## WORK REQUIRED
What is needed is a copy of each line in the listing that contains "Furniture".
BEGIN DATA TO PROCESS
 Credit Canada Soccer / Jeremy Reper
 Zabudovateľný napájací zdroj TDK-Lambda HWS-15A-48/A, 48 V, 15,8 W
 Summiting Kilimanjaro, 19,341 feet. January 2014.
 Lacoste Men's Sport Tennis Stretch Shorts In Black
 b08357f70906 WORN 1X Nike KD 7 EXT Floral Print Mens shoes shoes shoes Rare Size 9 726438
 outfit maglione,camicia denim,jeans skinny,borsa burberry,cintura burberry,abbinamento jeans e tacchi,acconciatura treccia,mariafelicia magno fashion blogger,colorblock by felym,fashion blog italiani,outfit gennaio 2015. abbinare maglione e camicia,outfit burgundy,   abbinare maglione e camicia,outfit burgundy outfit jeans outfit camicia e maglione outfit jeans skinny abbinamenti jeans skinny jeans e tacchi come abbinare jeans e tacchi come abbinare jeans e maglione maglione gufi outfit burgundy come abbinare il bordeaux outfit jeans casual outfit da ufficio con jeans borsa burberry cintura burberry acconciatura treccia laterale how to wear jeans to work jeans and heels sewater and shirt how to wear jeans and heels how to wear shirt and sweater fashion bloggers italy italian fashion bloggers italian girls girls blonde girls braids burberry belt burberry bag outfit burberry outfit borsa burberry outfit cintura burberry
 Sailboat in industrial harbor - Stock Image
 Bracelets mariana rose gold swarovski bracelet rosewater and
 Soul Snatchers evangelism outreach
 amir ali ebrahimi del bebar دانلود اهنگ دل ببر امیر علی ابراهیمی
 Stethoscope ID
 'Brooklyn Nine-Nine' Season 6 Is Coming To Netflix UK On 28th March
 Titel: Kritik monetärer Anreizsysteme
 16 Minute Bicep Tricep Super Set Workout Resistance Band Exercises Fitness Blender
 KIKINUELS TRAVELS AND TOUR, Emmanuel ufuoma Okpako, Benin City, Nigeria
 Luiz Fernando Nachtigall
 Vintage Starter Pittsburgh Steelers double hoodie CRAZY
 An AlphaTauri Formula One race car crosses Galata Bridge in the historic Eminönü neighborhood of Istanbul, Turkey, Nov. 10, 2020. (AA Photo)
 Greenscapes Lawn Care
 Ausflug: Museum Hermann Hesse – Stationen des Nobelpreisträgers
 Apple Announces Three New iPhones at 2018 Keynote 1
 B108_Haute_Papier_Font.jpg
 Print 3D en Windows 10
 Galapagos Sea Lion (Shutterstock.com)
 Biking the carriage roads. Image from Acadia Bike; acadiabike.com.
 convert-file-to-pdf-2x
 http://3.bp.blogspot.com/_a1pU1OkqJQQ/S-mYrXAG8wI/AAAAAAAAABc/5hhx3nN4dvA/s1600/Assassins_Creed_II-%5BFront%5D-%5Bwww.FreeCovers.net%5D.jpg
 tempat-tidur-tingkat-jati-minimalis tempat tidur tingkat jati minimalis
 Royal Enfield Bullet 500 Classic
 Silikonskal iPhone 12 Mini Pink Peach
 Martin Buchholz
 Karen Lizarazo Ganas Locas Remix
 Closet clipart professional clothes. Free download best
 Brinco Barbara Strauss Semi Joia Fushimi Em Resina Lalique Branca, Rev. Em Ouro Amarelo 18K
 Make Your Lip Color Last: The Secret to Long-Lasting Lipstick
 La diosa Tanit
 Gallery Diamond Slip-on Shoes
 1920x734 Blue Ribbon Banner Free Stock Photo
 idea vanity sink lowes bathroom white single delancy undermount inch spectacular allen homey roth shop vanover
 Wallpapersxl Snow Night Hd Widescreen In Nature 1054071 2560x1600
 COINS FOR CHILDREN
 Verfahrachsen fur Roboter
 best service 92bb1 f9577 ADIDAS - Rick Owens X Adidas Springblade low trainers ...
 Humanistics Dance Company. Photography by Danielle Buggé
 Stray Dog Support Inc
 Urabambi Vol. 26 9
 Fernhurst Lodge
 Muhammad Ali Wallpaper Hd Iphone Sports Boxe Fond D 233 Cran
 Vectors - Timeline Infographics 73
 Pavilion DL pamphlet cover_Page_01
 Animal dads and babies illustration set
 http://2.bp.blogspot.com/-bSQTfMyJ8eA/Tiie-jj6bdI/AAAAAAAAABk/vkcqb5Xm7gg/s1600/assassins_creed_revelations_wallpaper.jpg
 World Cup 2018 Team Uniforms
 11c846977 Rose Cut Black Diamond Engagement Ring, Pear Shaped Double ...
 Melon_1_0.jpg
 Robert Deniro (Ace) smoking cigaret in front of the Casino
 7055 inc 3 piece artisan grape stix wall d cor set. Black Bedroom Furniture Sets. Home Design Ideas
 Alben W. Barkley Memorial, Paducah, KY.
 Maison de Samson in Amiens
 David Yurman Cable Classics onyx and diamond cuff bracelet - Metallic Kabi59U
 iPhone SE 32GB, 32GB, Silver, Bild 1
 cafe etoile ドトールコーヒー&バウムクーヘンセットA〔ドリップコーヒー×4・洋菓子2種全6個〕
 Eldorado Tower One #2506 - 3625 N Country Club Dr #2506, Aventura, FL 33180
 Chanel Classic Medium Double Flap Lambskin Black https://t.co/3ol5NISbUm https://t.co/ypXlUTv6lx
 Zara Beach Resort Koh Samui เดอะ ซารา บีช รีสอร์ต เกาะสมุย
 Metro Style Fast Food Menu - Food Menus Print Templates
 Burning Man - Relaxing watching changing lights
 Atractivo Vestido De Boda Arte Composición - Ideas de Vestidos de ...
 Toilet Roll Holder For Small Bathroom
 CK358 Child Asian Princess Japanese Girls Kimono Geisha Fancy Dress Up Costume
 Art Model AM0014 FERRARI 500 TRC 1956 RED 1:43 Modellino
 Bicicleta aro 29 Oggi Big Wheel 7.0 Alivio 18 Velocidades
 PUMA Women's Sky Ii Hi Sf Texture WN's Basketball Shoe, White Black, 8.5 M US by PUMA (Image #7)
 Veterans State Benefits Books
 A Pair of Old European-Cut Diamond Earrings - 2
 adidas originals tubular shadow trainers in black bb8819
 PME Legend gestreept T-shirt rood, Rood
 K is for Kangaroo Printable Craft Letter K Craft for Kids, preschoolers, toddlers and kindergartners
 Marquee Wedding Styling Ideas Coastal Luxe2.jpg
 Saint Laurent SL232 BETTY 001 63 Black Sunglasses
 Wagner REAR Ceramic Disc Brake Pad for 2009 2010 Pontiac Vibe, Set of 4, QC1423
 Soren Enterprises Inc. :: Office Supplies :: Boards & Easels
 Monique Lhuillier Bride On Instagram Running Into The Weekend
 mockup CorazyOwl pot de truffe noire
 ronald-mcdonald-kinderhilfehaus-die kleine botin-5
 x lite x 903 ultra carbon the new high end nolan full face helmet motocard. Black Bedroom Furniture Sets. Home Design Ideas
END DATA TO PROCESS
## YOUR RESPONSE
 7055 inc 3 piece artisan grape stix wall d cor set. Black Bedroom Furniture Sets. Home Design Ideas
 x lite x 903 ultra carbon the new high end nolan full face helmet motocard. Black Bedroom Furniture Sets. Home Design Ideas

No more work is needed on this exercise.